Lol... Thunder Dan is a funny announcer ^_^


----------



## MeirToTheWise (Nov 9, 2005)

Damn that was a nasty spill on that foul with Barbosa and Amare... Heart skipped a beat there >_>

Niiiiice block by Raja Bell on Durant ^_^


----------



## MeirToTheWise (Nov 9, 2005)

Suns up 53-49 at the half. Missing a lot of good looks... Only one three-pointer so far, but the energy and hustle has let us stay ahead so far. If Suns can just knock down the 3s and keep up the intensity on both sides of the ball, then they should be able to pull away in the second half.


----------



## Dissonance (Jul 21, 2004)

Yeah, they just need to hit shots all together. Only shooting 39%. 

Amare has 14 ptss

Hill with 10 pts.


----------



## 604flat_line (May 26, 2006)

We are really hurting without Marion


----------



## Dissonance (Jul 21, 2004)

604flat_line said:


> We are really hurting without Marion


Sarcasm?


----------



## 604flat_line (May 26, 2006)

Dissonance19 said:


> Sarcasm?


Noooo never.


----------



## Dissonance (Jul 21, 2004)

Delay starting the half. Blood on the floor.


----------



## MeirToTheWise (Nov 9, 2005)

This is a real physical game... Bodies are just flying all over the place and Suns are still missing some good looking shots. Thankfully they're hitting the free throws... Think they've hit 16-16, or 17-17. Suns up 74-68 with a couple minutes to go in the 3rd.


----------



## Dissonance (Jul 21, 2004)

Last I saw we were 20-20 from FTs. Good to see.


----------



## MeirToTheWise (Nov 9, 2005)

Suns up 78-74 after three quarters. Bell hit a nice bank shot in the closing seconds of the third.


----------



## Dissonance (Jul 21, 2004)

Damn, Amare's gotten so good with that jumper. He's got 28 pts.
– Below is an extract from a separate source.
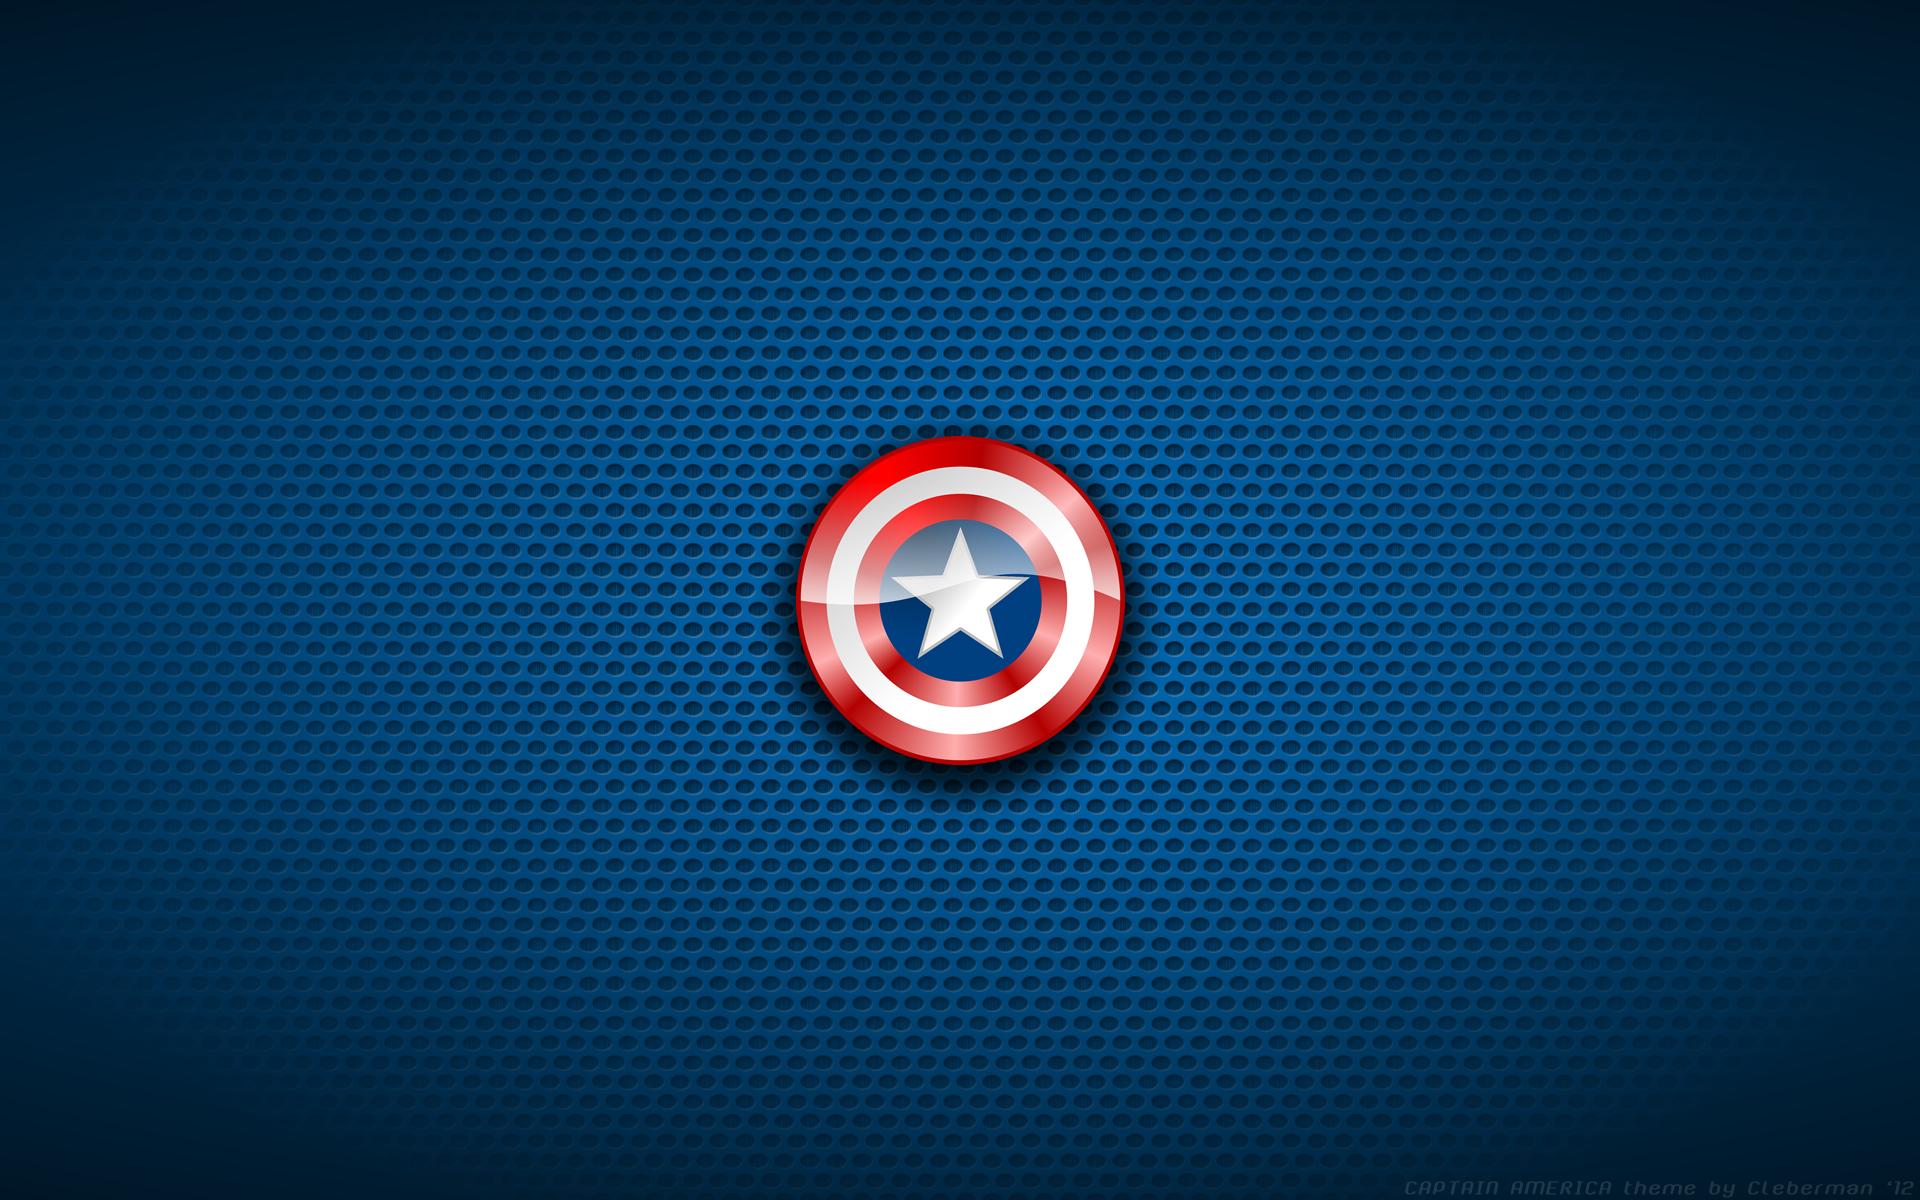 Captain america full hd wallpaper and background image - Captain america screensaver download ...
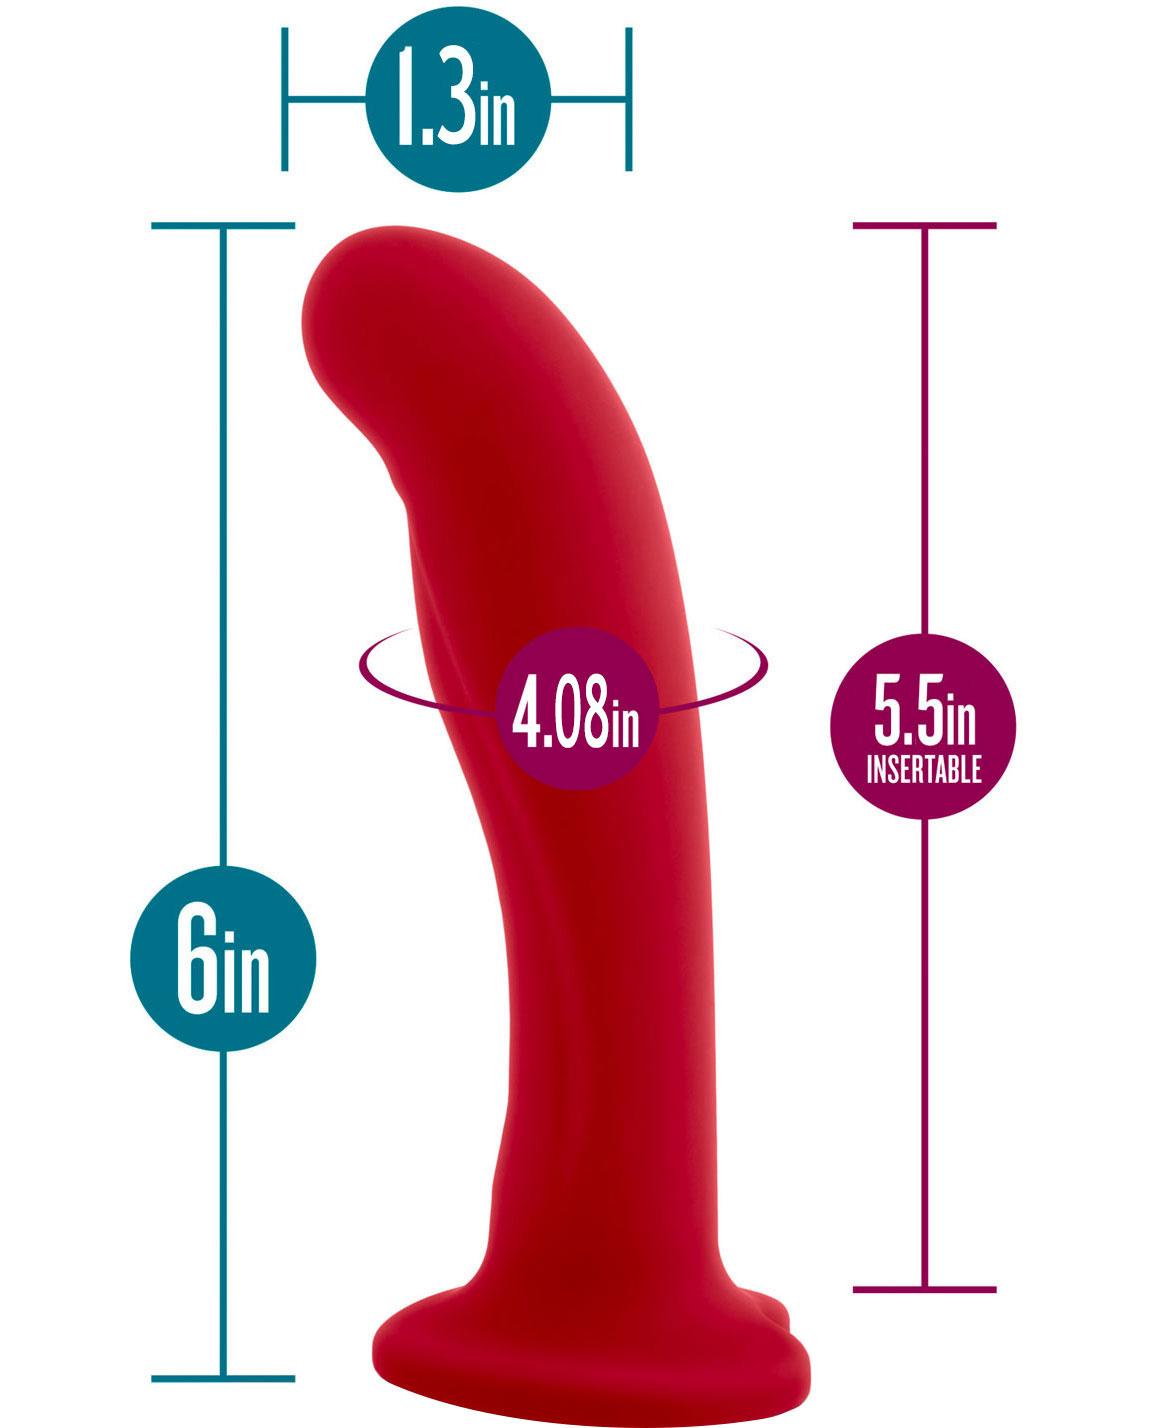 Temptasia Jezebel Silicone Dildo - Measurement

Sonics though lead 83-82. 8:49 left.


----------



## MeirToTheWise (Nov 9, 2005)

Goodness... Barbosa has turned into a turnover machine since the 4th quarter began >_>


----------



## Dissonance (Jul 21, 2004)

Nassssssh! ties it at 87 with the 3.


----------



## MeirToTheWise (Nov 9, 2005)

LOL... This game is nuts!!! Bodies flying all over... Dunks going in and out... Blocks all over... Great game to watch ^_^


----------



## Dissonance (Jul 21, 2004)

Hill's making all the hustle plays.

Amare with the and 1 feed from Diaw

edit: 29-29 Suns are now at the line with Bell making those 2.

Suns up 94-89


----------



## Dissonance (Jul 21, 2004)

Diaw with the block on Durant, and the outlet to Nash for the long 2.

96-89 3:44 left


----------



## MeirToTheWise (Nov 9, 2005)

DIIIIIIAAAAAAAAWWW!!!!! Lol, what a block, haha!! He has really woken up since Marion has left, lol ^_^


----------



## MeirToTheWise (Nov 9, 2005)

Good God... Suns can't buy a basket >_> Sonics up 99-98 with about a minute to go...


----------



## Dissonance (Jul 21, 2004)

****. Sonics on a 9-0 run take the lead by 1. 99-98 with a minute left. Suns 5-16 this qrter


----------



## Dissonance (Jul 21, 2004)

Hill with the shot, that bounced a couple times before going in. The thing froze on me, a little so I had to wait a sec. I thought he'd miss it with the awkward angle. 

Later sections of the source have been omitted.